Scalable Infrastructure for Malware Labeling and Analysis

Konstantin Berlin

One of the best-known secrets of machine learning (ML) is that the most reliable way to get more accurate models is by simply getting more training data and more accurate labels. This observation is also true for malware detection models like the ones we deploy at Sophos. Unfortunately, generating larger, more accurate datasets is arguably a much bigger challenge in the security domain than in most other domains, and poses unique challenges. Malware labeling information is usually not available at time of observation, but comes from various internal and external intelligence feeds, months or even years after a given sample is first observed. Furthermore, labels from these feeds can be inaccurate, incomplete, and even worse, change over time, necessitating joining multiple feeds and frequently adjusting the labeling methodology over entire datasets. Finally, realistic evaluations of an antimalware ML model often require being able to “roll back” to a previous label set, requiring a historical record of the labels at the time of training and evaluation.

All this, under the constraint of a limited budget.

In this presentation, we will show how to use AWS infrastructure to solve the above problems in a fast, efficient, scalable, and affordable manner. The infrastructure we describe can support the data collection and analysis needs of a global Data Science team, all while maintaining GDRP compliance and being able to efficiently export data to edge services that power a global reputation lookup.

We start by describing why developing the above infrastructure at reasonable cost is surprisingly difficult. We focus specifically on the different requirements, such as the need to correlate information from internal and external sources across large time ranges, as well ability to roll back knowledge to particular timeframes in order to properly develop and validate detection models.

Next, we describe how to build such a system in a way that is scalable, agile, and affordable, using AWS cloud infrastructure. We start out describing how to effectively aggregate and batch data across regions into a regional data lake in a way that is GDPR complaint, utilizing SQS, auto-scaling spot instance clusters, and S3 replication. We then describe how we store, join, and analyze this data at scale by batch inserting the replicated data into a distributed columnar Redshift database.

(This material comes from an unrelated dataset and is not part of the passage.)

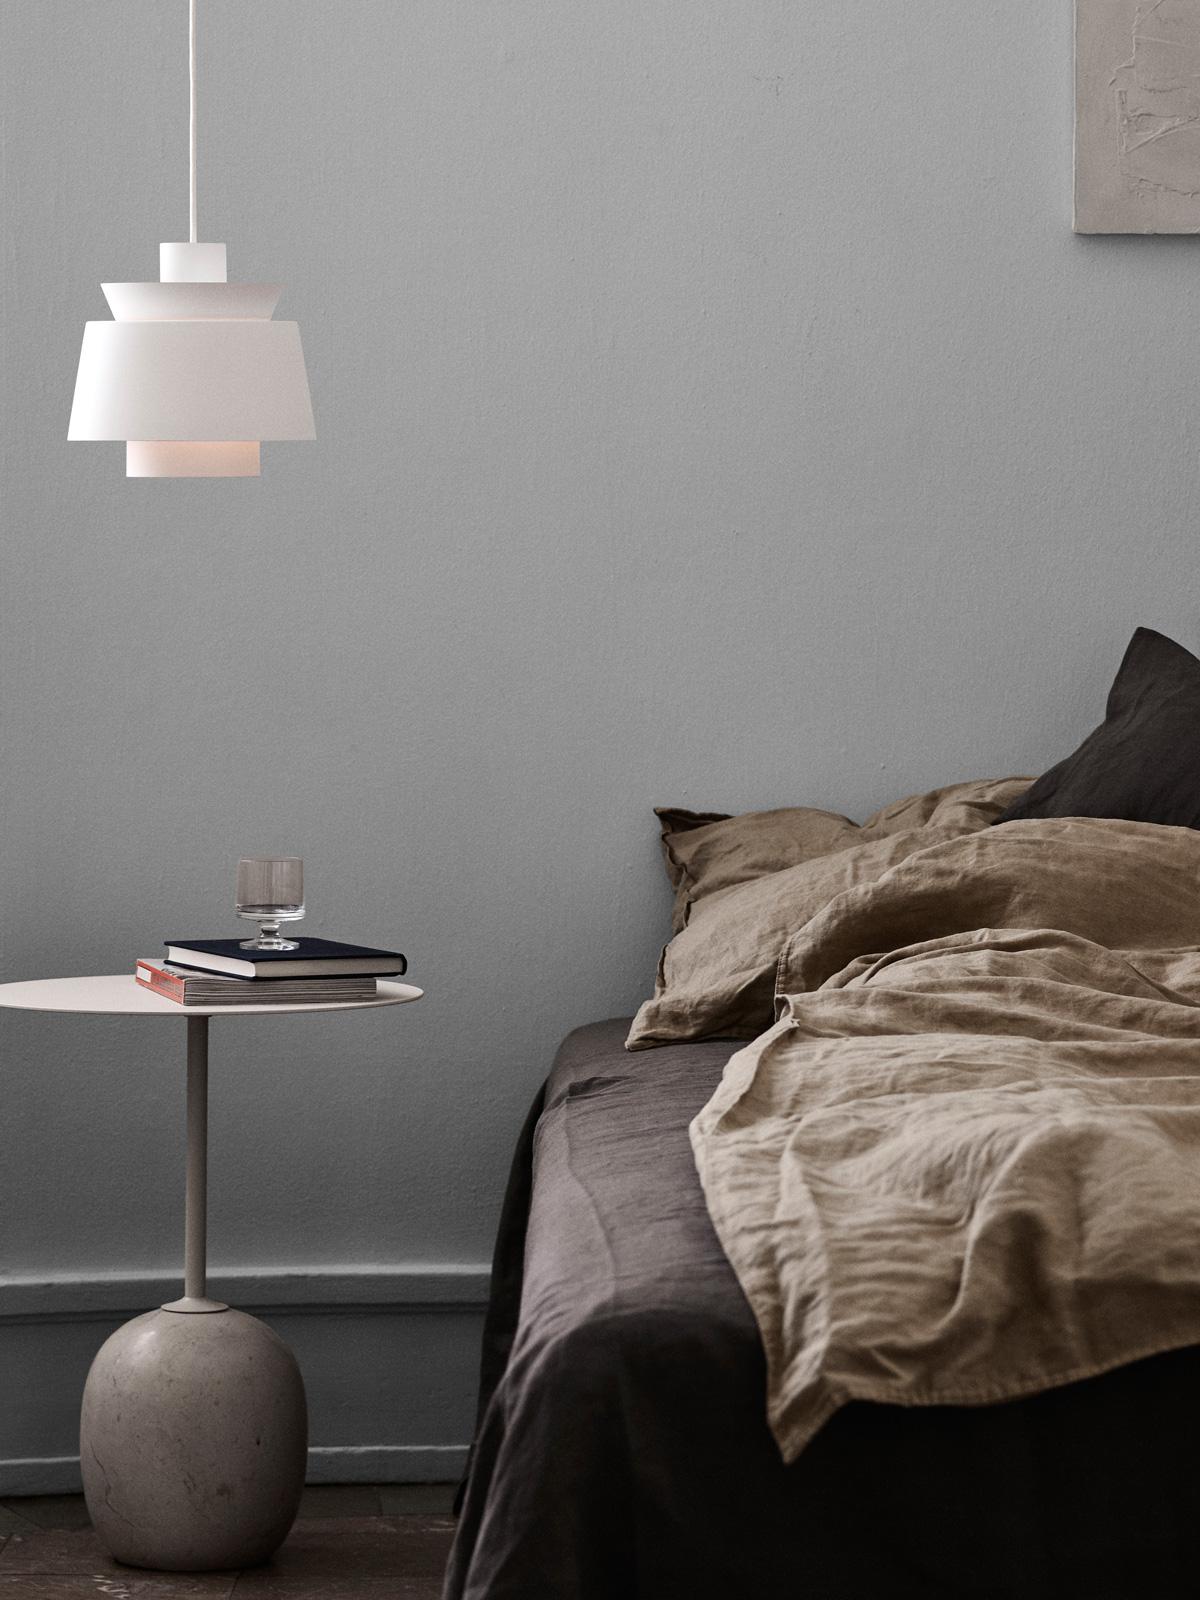 DesignOrt Blog: &tradition Utzon Pendelleuchte Hängelampe skandinavisch Design Klassiker Lampe skandinavisch Utzon JU1

We then describe how we organize the data effectively in Redshift tables, taking proper care to define distribution and sort keys, deal with duplicate entries (as key uniqueness is not enforced), and perform SQL joins efficiently on daily cadence. Finally, we show how we can export the data at scale to local storage for ML training, or propagate this data to edge services, like replicated DynamodDB, to power a global reputation service.